Input data:

-- Opening Marker --

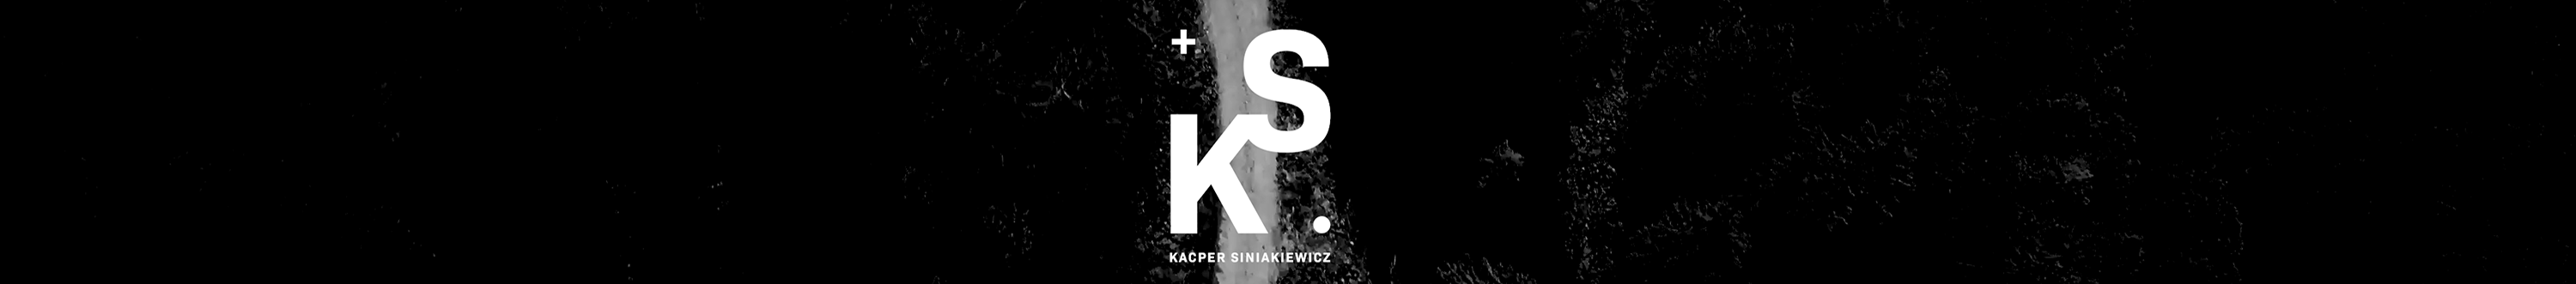 Kacper Siniakiewicz's profile banner
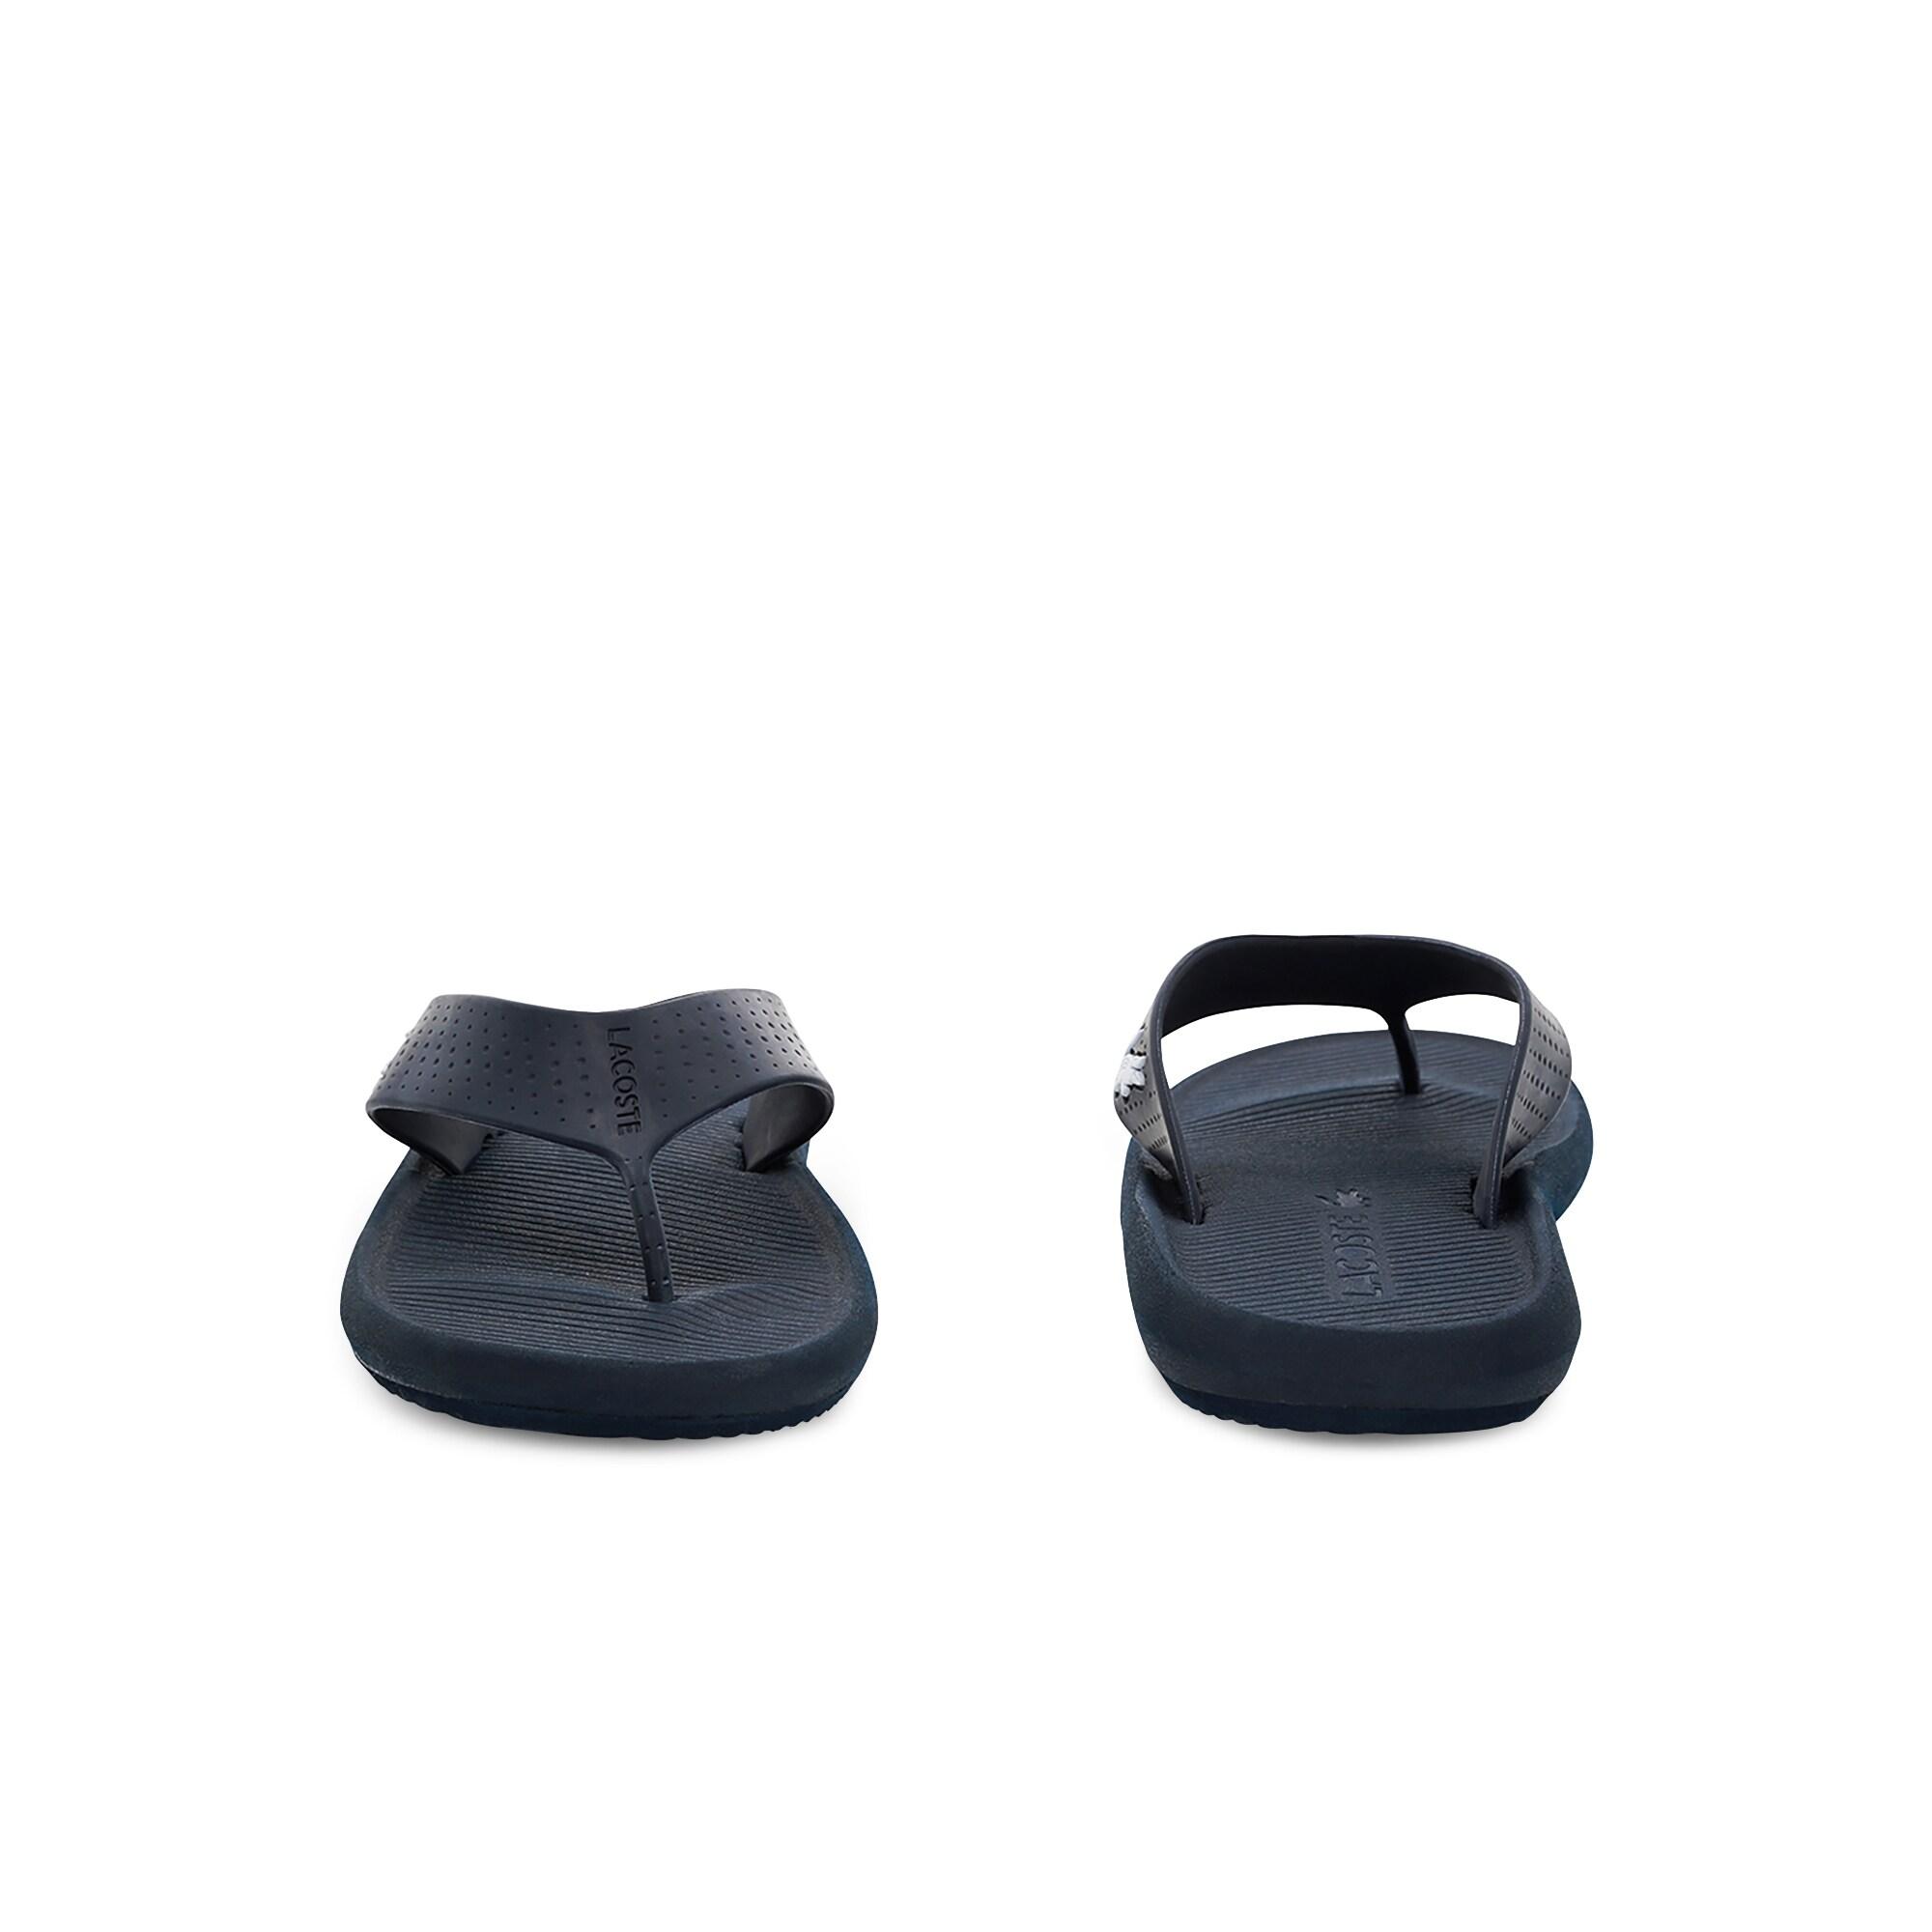 Lacoste Croco Sandal 219 1 Cma Erkek Lacivert - Beyaz Terlik. 6
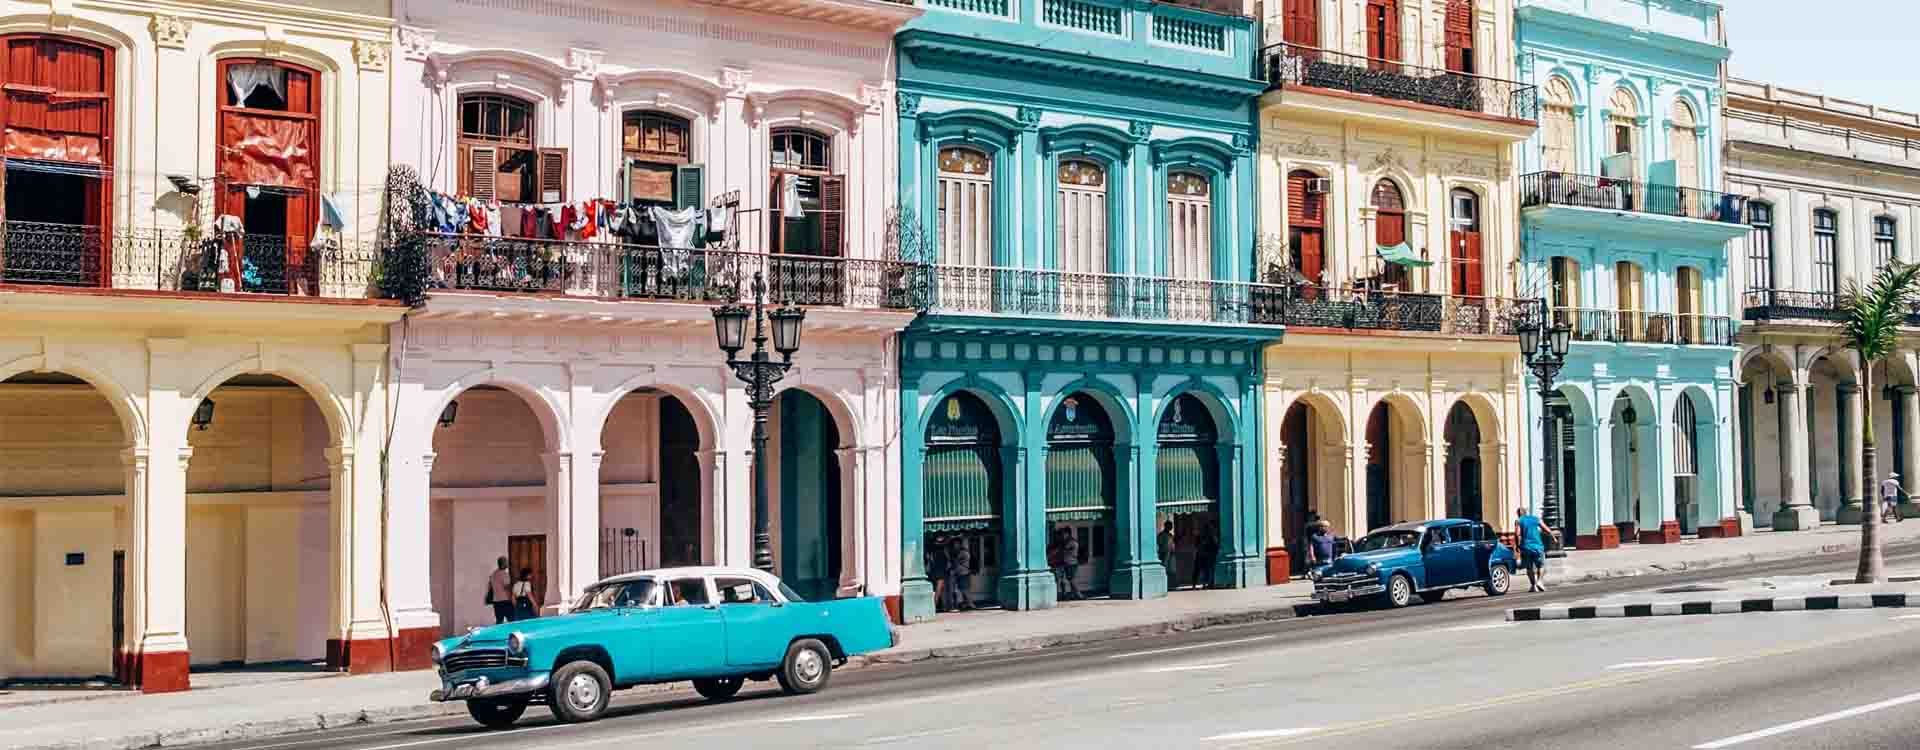 Kubánska ulica: starodávne autá a farebné priečelia historických budov

-- Closing Marker --

What the task requires: With pictures excluded, copy exactly the lines from the line containing "Lacoste Croco Sandal" through the last line of the listing above, both ends included.

Exercise response:
 Lacoste Croco Sandal 219 1 Cma Erkek Lacivert - Beyaz Terlik. 6
 Kubánska ulica: starodávne autá a farebné priečelia historických budov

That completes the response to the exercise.